# Isle of Man coach kits in 15mm scale



## David BaileyK27 (Jan 2, 2008)

I have just added details of our forthcoming Isle of Man Coach Kits onto our website
http://www.djbengineering.co.uk/
David Bailey


----------



## Pete Thornton (Jan 2, 2008)

Posted By David BaileyK27 on 02 Feb 2012 02:23 PM 
I have just added details of our forthcoming Isle of Man Coach Kits onto our website
http://www.djbengineering.co.uk/
David Bailey


David, you certainly hid them well. "Latest Products", then "Wagons" gives you the old side menu, and then you can pick "Coach Kits". Couldn't you just post the link to the page?


----------



## Gary Armitstead (Jan 2, 2008)

http://www.djbengineering.co.uk/index8

I finally found them Pete. Hope this link works. It seems to be "hit or miss" here lately.
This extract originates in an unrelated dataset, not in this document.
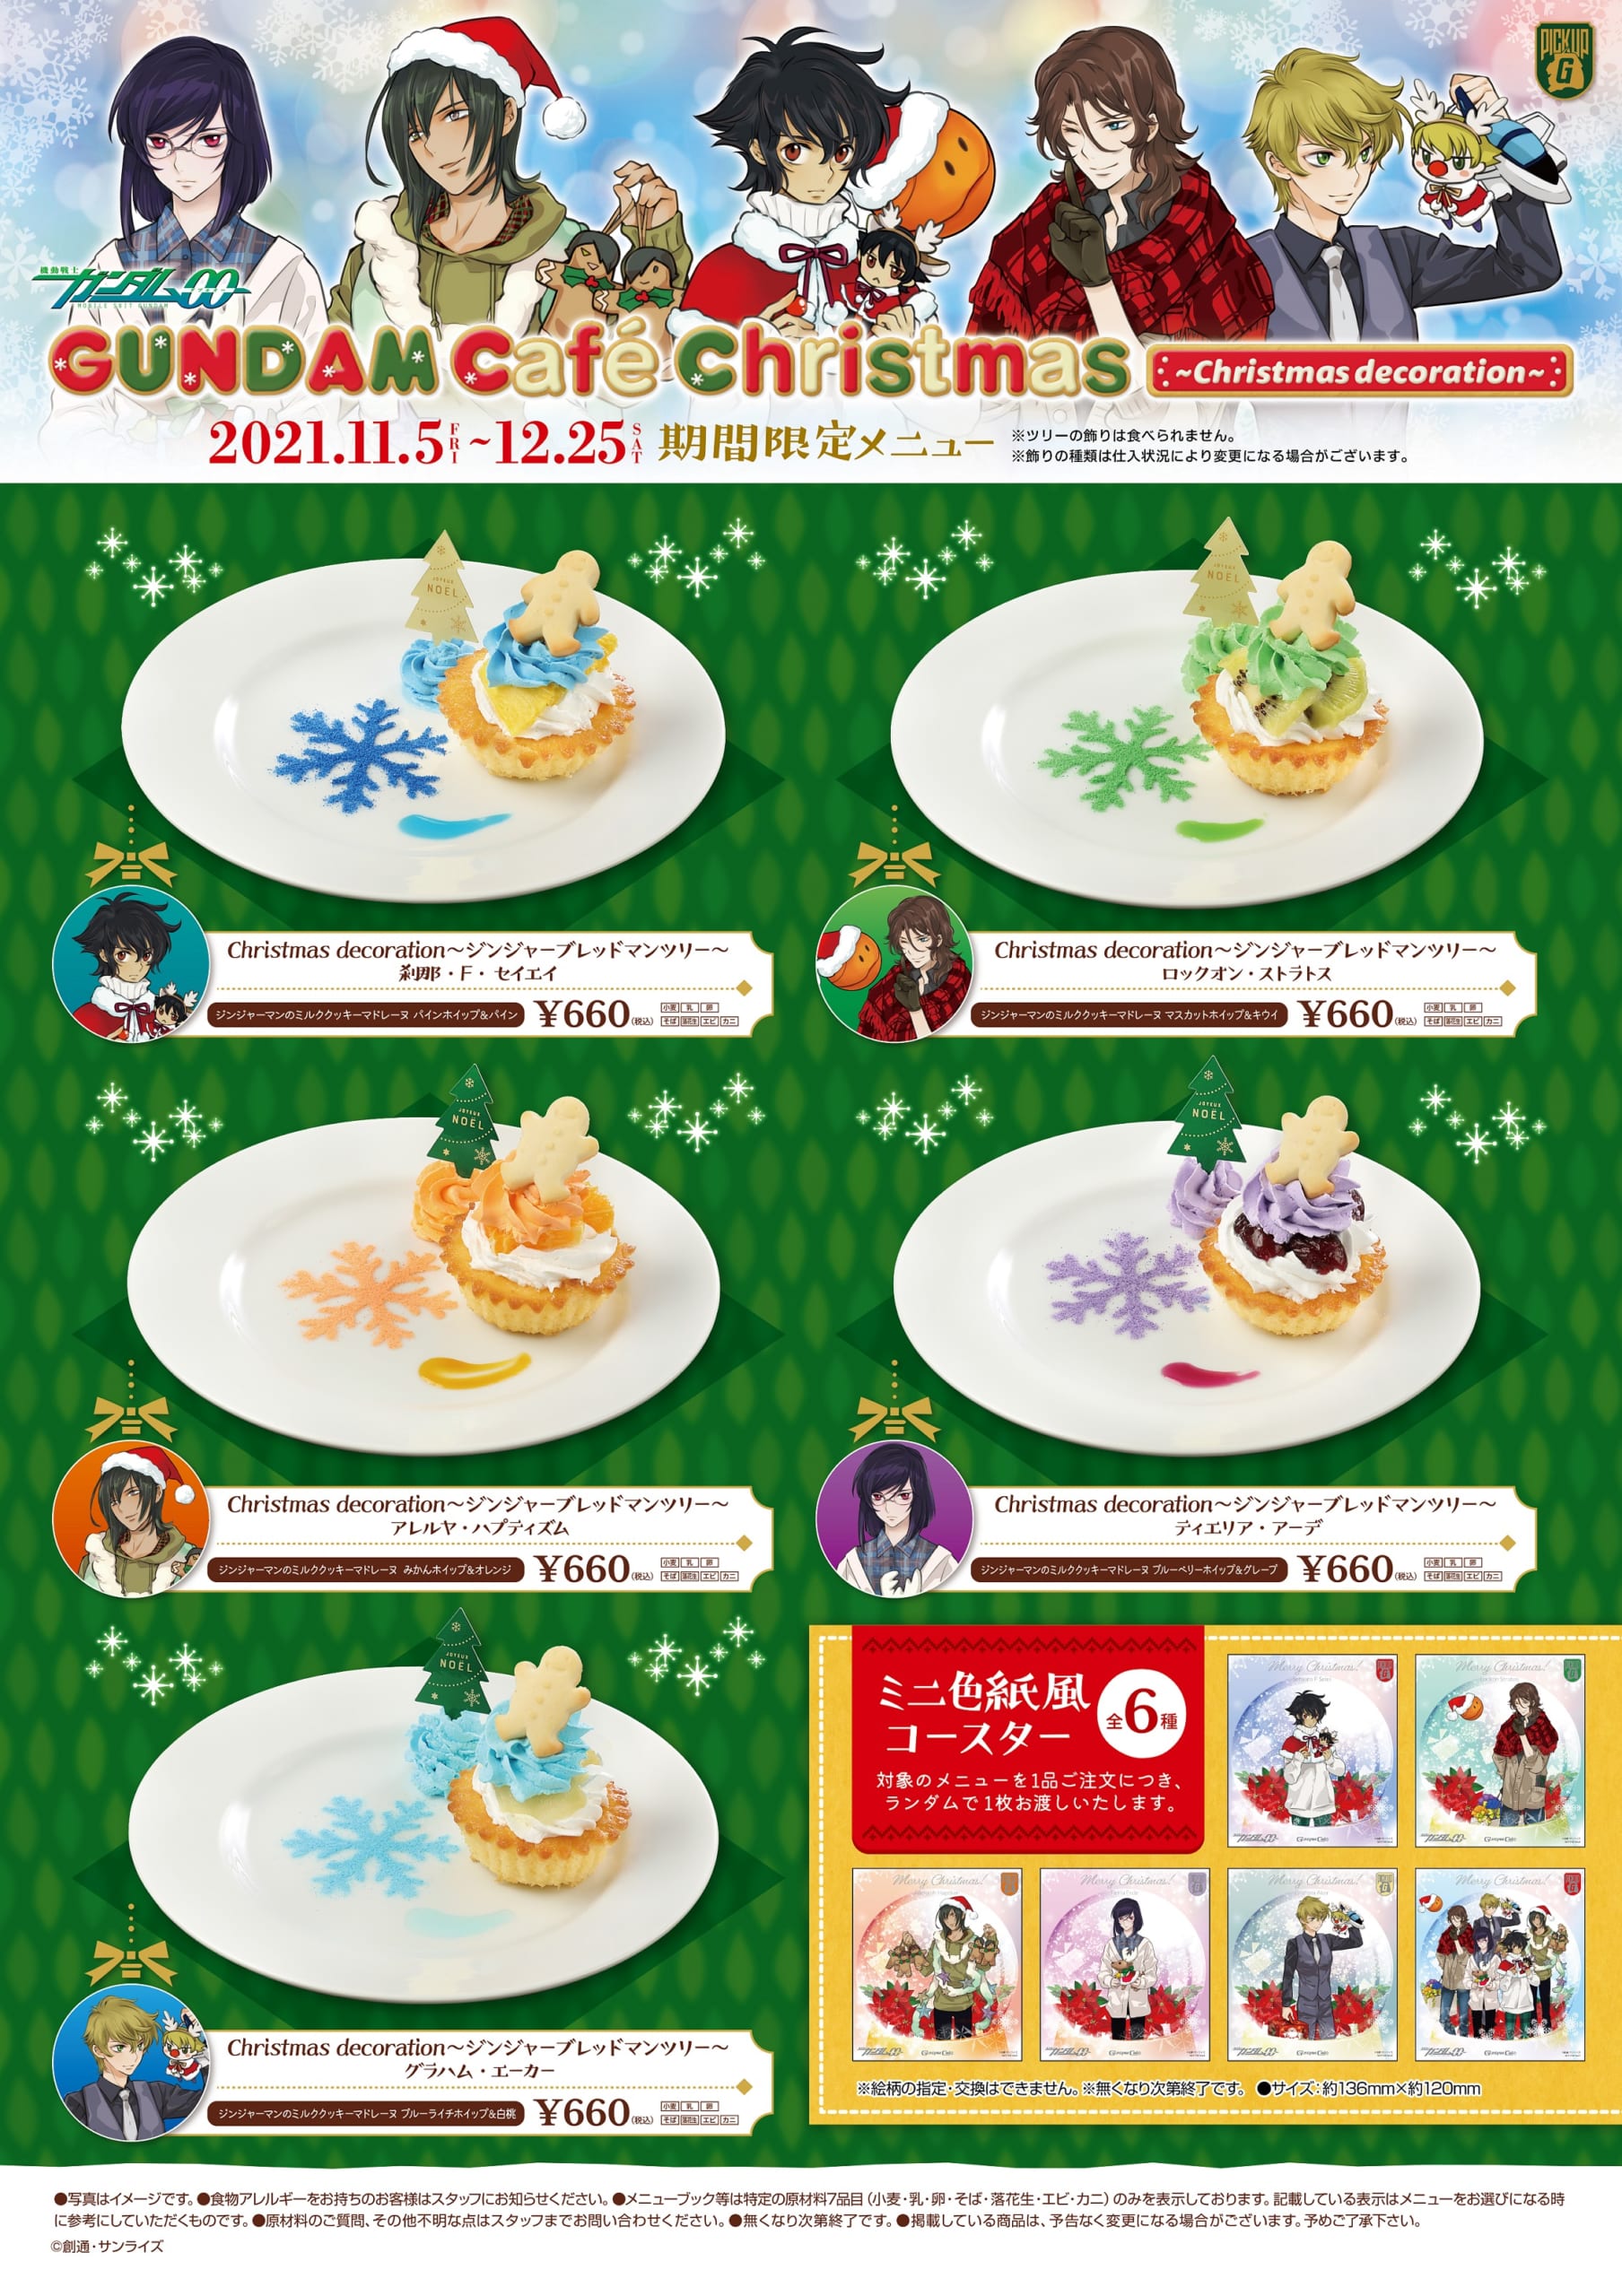 「GUNDAM Café Christmas ～Christmas decoration～」スイーツ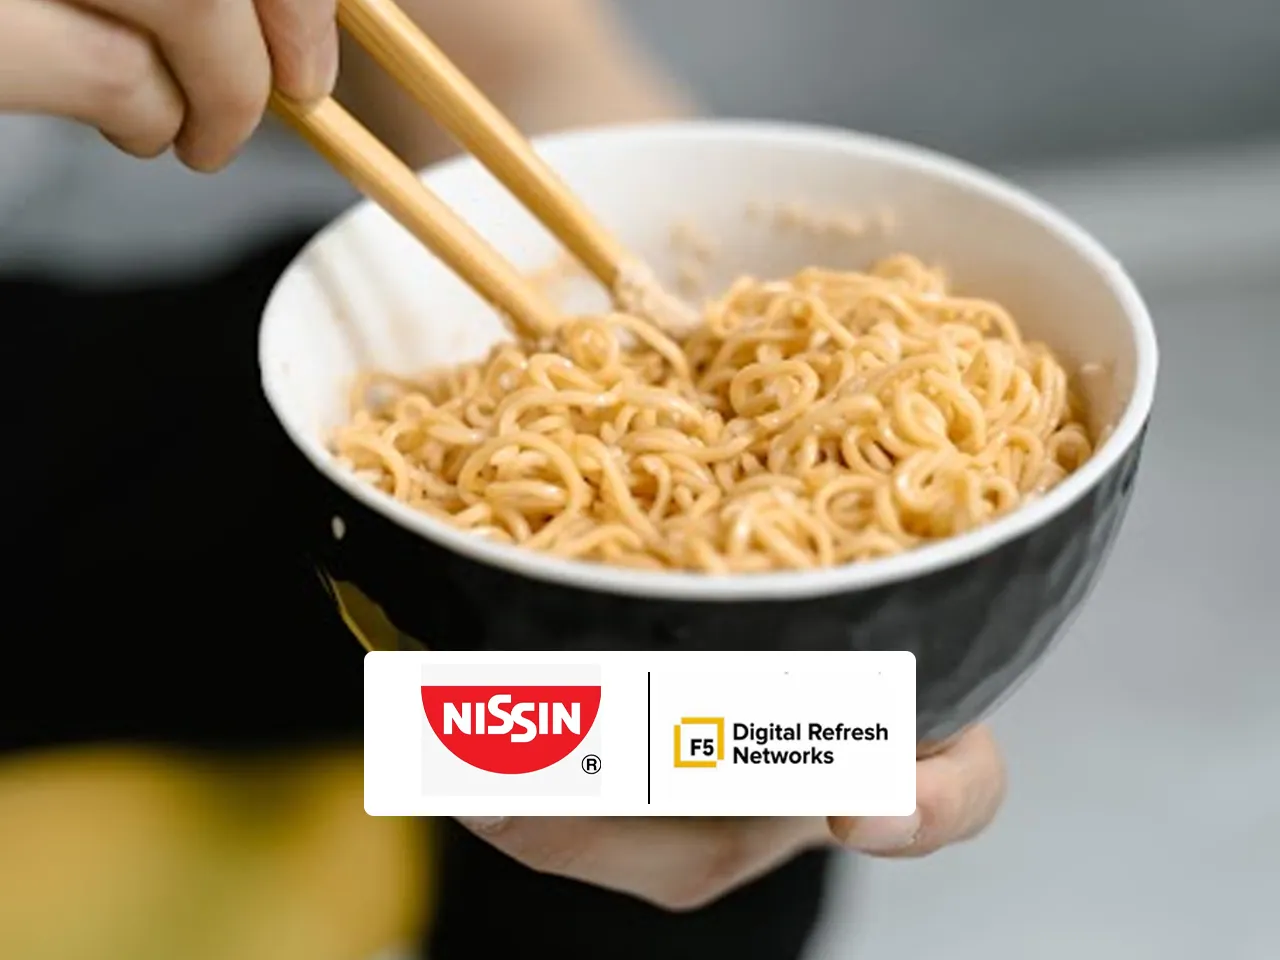 Digital Refresh Networks wins the digital mandate for Nissin Geki Korean Noodles

EDIT: Apparently it's a miss! Anyway go to new products, wagons and then click coach kits. Very nice cars!


----------



## David BaileyK27 (Jan 2, 2008)

If you click on Coach Kits in the opening menu box it takes you directly there
David Bailey


----------



## SteveC (Jan 2, 2008)

Isle of Man Coach Kits - 15mm scale[/b]


----------



## Pete Thornton (Jan 2, 2008)

Posted By David BaileyK27 on 03 Feb 2012 03:42 PM 
If you click on Coach Kits in the opening menu box it takes you directly there
David Bailey


David,
Sorry to pursue this, but folk who read these forums should know that their websites don't always appear as they think they do!

There is no "Coach Kits in the opening menu box ". When I click your link, I get: 










When I cclick "Please Enter Site" I get:












_I see no Coach Kits link. What do you see ??_


----------



## alecescolme (Dec 20, 2010)

Pete,
It seems that you have have to click any other link, then on the next page the Coach page link will be on the left.

SteveC 's link get me there too. 










Anyhow, very nice kits, the trucks look very sturdy!

Alec


----------



## David BaileyK27 (Jan 2, 2008)

Click on "veiw products here" and scroll down to "Coach Kits"
David Bailey


----------



## David BaileyK27 (Jan 2, 2008)

Further to my reply I have had a look at my website, I see the link in the start-up menu has disapeared, I have asked my webmaster to put it back, sorry for the confusion over this.
David Ba\iley


----------



## Pete Thornton (Jan 2, 2008)

Posted By David BaileyK27 on 05 Feb 2012 07:10 AM 
Further to my reply I have had a look at my website, I see the link in the start-up menu has disapeared, I have asked my webmaster to put it back, sorry for the confusion over this.
David Ba\iley

Ah - vindication at last! _ 
(Sorry to crow, David, but in my experience as a webmaster, people seldom look at their own webs_ites. Which, if you think about it, is a real marketing problem. The trouble is that many vendors have a website because someone tells them it is a good idea, or the competition has one. They don't actually use websites themselves, so they never look at their own website with a critical user focus.)[/i]_

_


----------



## David BaileyK27 (Jan 2, 2008)

Pete, the website should now be corrected, thanks for the understanding, you are correct I hardly ever look at my own website, must try harder. 
David


----------



## wslogger15 (Jul 14, 2008)

David, 

A little off the subject but are the drawings available for the "Linda" and "Blanche" Hunslets as Ffestiniog engines with tender? I am going to be interested in building these locomotives using your newly redesigned parts. 

Best Regards, 
Charles Collins


----------



## David BaileyK27 (Jan 2, 2008)

Charles, I have yet to complete the new patterns and update the drawings, they may not be available until the summer. 
David Bailey www.djbengineering.co.uk


----------



## wslogger15 (Jul 14, 2008)

David, 

OK, Thanks. I will keep an eye on your website. 

Best Regards, 
Charles Collins


----------